# Logistic Regression – Binary Classification with Evaluation Metrics

This notebook demonstrates a simple **Logistic Regression** model for binary classification.
- Train a model on synthetic data
- Predict labels on a test set
- Evaluate performance using:
  - Confusion Matrix
  - Accuracy, Precision, Recall, F1 Score
  - Visual summary of these metrics


In [None]:
import numpy as np
import pandas as pd
import matplotlib.pyplot as plt
import seaborn as sns
from sklearn.datasets import make_classification
from sklearn.linear_model import LogisticRegression
from sklearn.model_selection import train_test_split
from sklearn.metrics import (
    confusion_matrix,
    classification_report,
    ConfusionMatrixDisplay,
    accuracy_score,
    precision_score,
    recall_score,
    f1_score
)

In [None]:
# Create binary classification dataset
X, y = make_classification(
    n_samples=500, n_features=4, n_informative=3, n_redundant=0,
    random_state=42
)

# Split into training and test sets
X_train, X_test, y_train, y_test = train_test_split(X, y, test_size=0.3, random_state=42)

In [None]:
# Train logistic regression model
model = LogisticRegression()
model.fit(X_train, y_train)

# Predict
y_pred = model.predict(X_test)

In [None]:
# Confusion matrix
cm = confusion_matrix(y_test, y_pred)
disp = ConfusionMatrixDisplay(confusion_matrix=cm)
disp.plot(cmap="Blues")
plt.title("Confusion Matrix")
plt.show()

In [None]:
# Print classification report
print("Classification Report:")
print(classification_report(y_test, y_pred, digits=3))
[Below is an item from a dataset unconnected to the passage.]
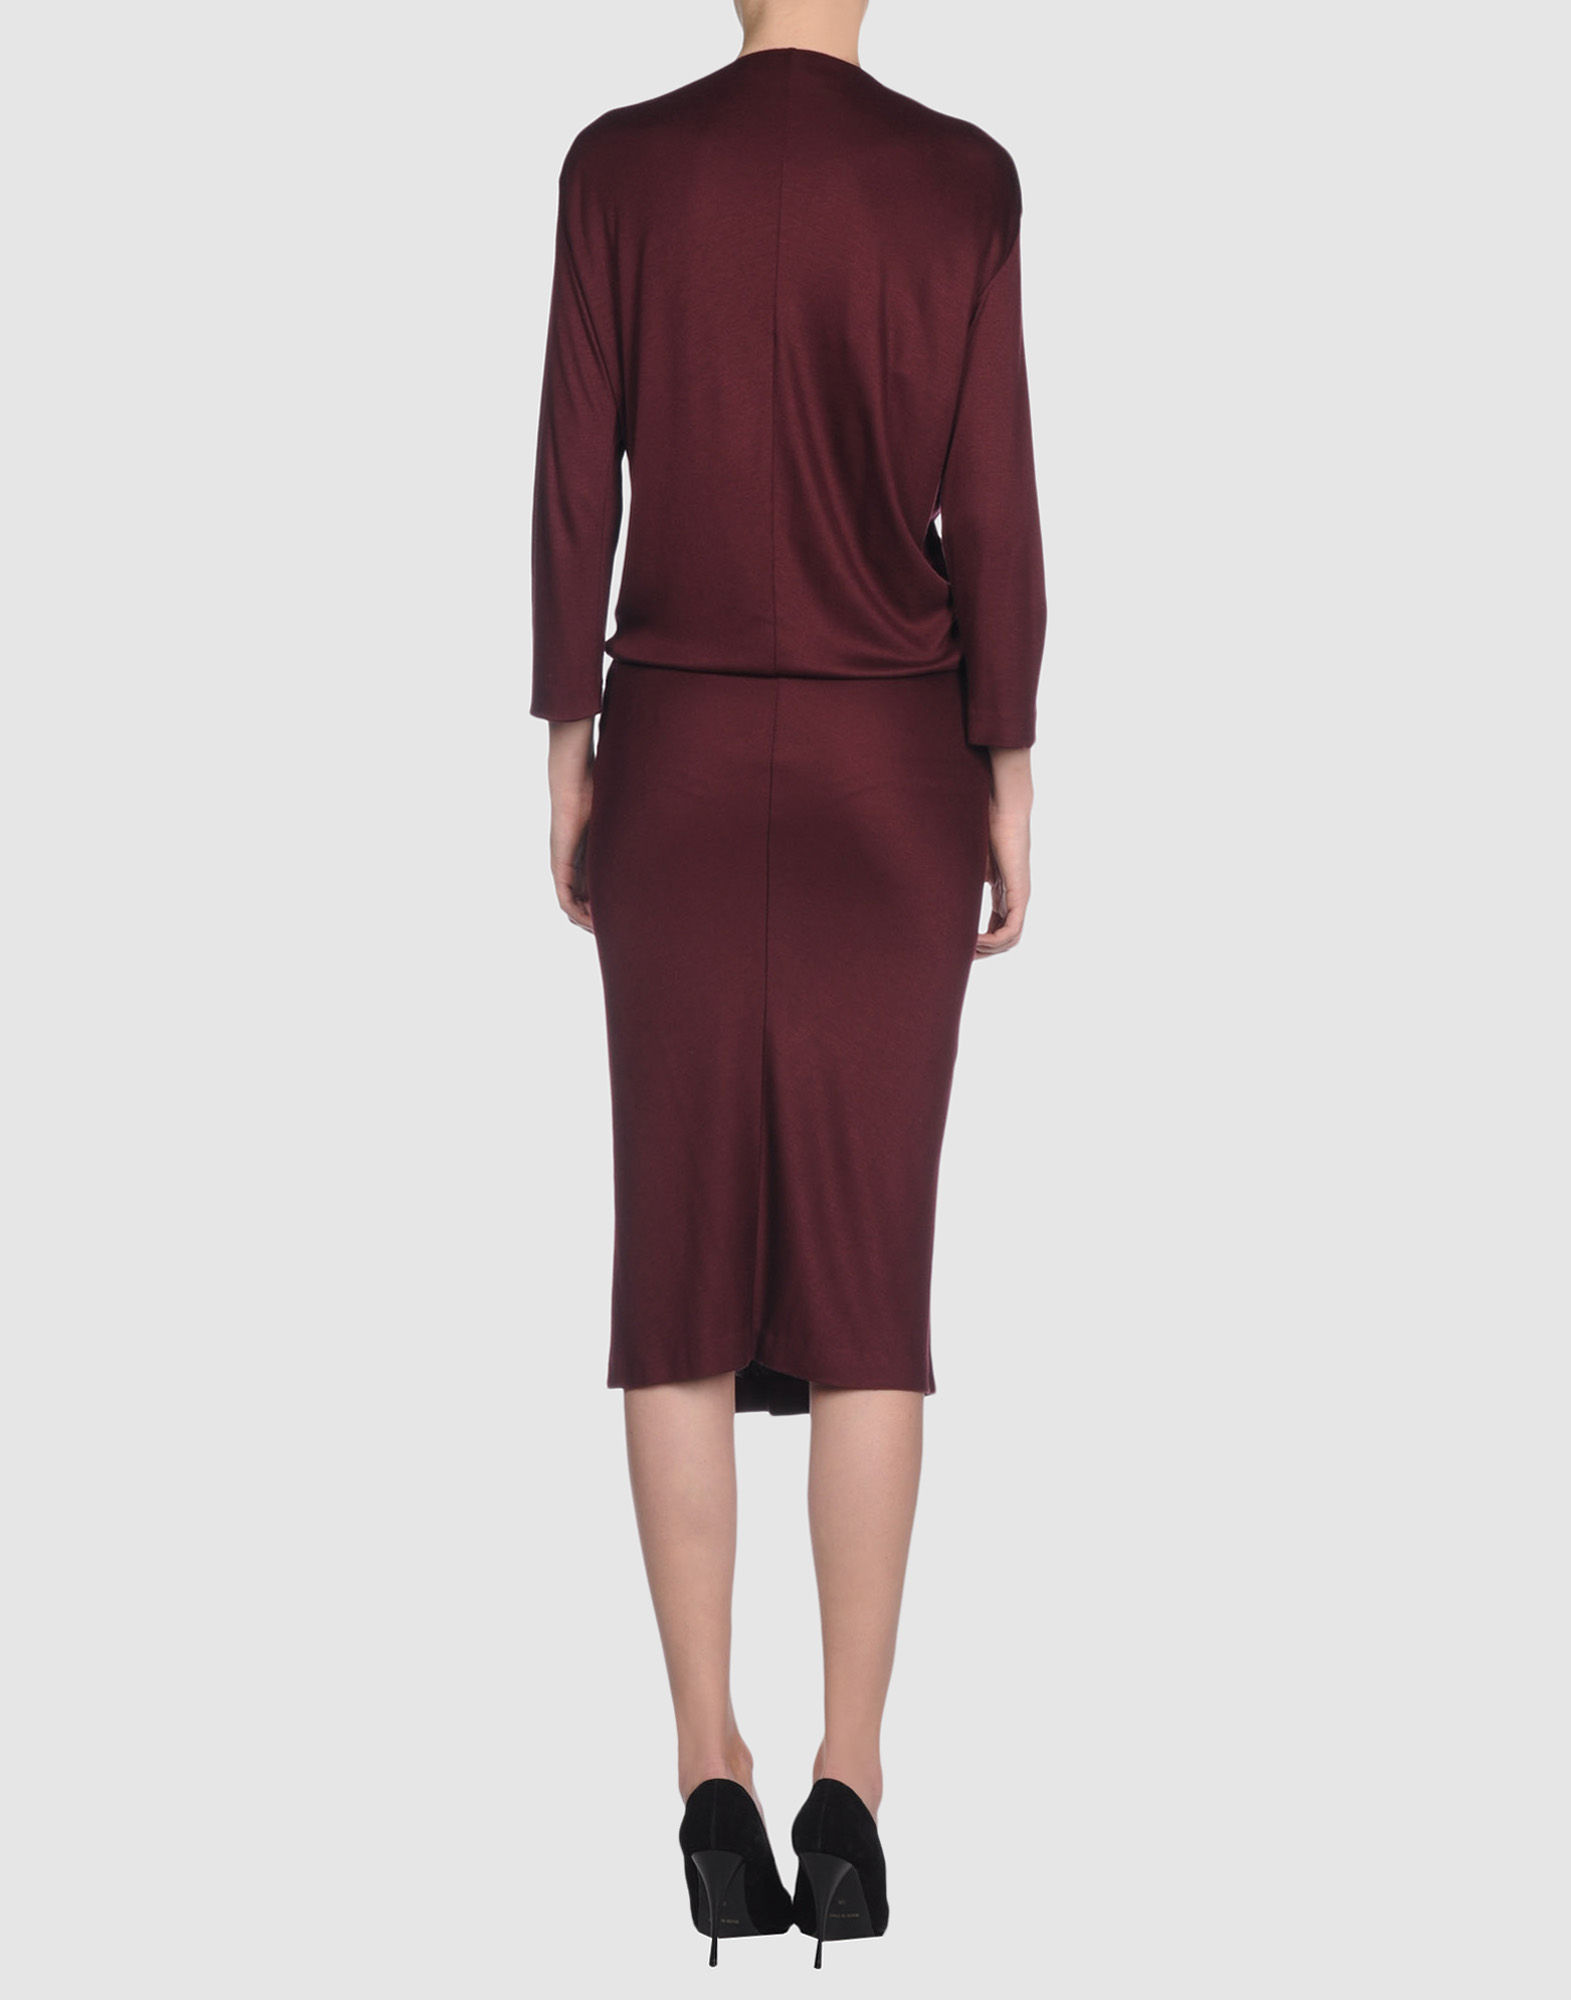 34209935IO 14 r - Βραδυνα Φορεματα Yves Saint Laurent Rive Gauche Κωδ.36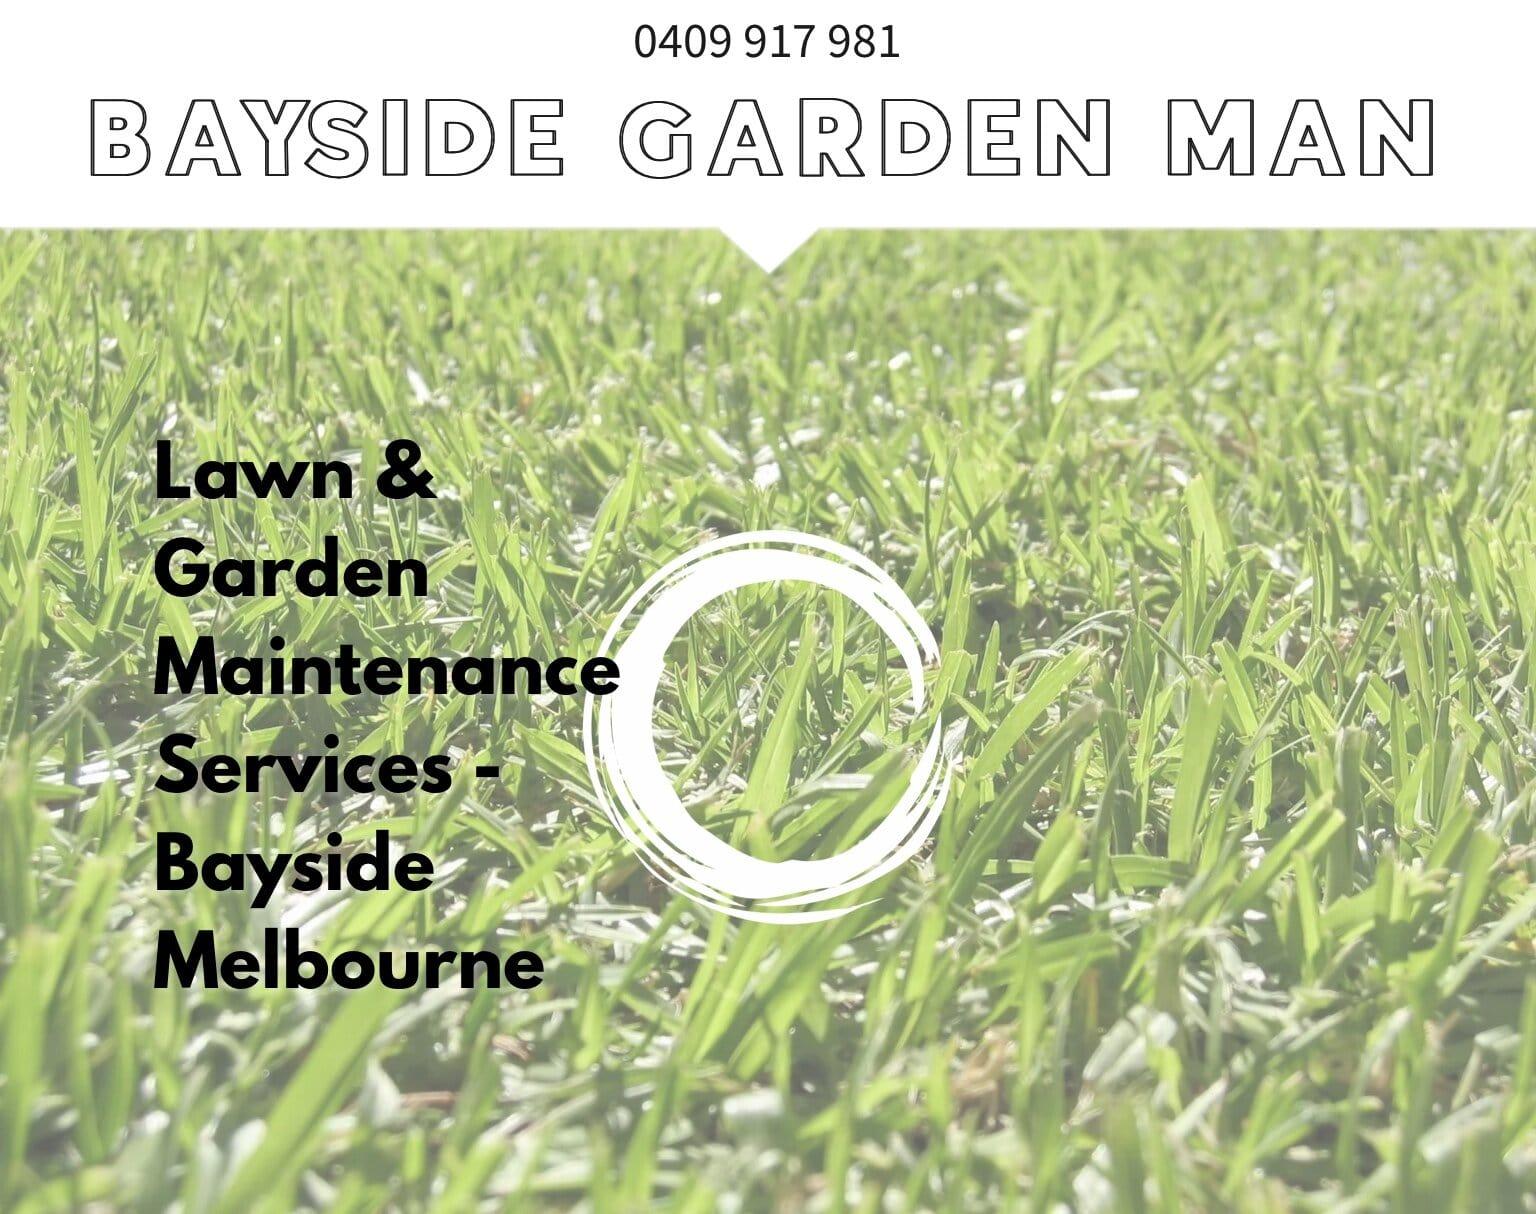 Bayside Garden Man

# Extract scores for visualization
acc = accuracy_score(y_test, y_pred)
prec = precision_score(y_test, y_pred)
rec = recall_score(y_test, y_pred)
f1 = f1_score(y_test, y_pred)

metrics = pd.DataFrame({
    'Metric': ['Accuracy', 'Precision', 'Recall', 'F1 Score'],
    'Score': [acc, prec, rec, f1]
})

In [None]:
# Plot evaluation metrics
plt.figure(figsize=(8, 5))
sns.barplot(x='Metric', y='Score', data=metrics, palette='viridis')
plt.ylim(0, 1.05)
plt.title("Evaluation Metrics – Logistic Regression")
plt.ylabel("Score")
plt.tight_layout()
plt.show()


## Interpretation & Insights

- **Confusion Matrix**: Shows how many predictions were correct (diagonal) vs. incorrect (off-diagonal).
- **Accuracy**: Overall correctness of the model.
- **Precision**: How many predicted positives were actually correct.
- **Recall**: How well the model captures all actual positives.
- **F1 Score**: Harmonic mean of precision and recall — useful when classes are imbalanced.

> If **precision is high** and **recall is low**, the model is conservative (avoids false positives).  
> If **recall is high** but **precision is low**, the model is aggressive (catches more positives but with false alarms).

This helps guide decisions about **threshold tuning**, **model adjustments**, or **business risk tolerance**.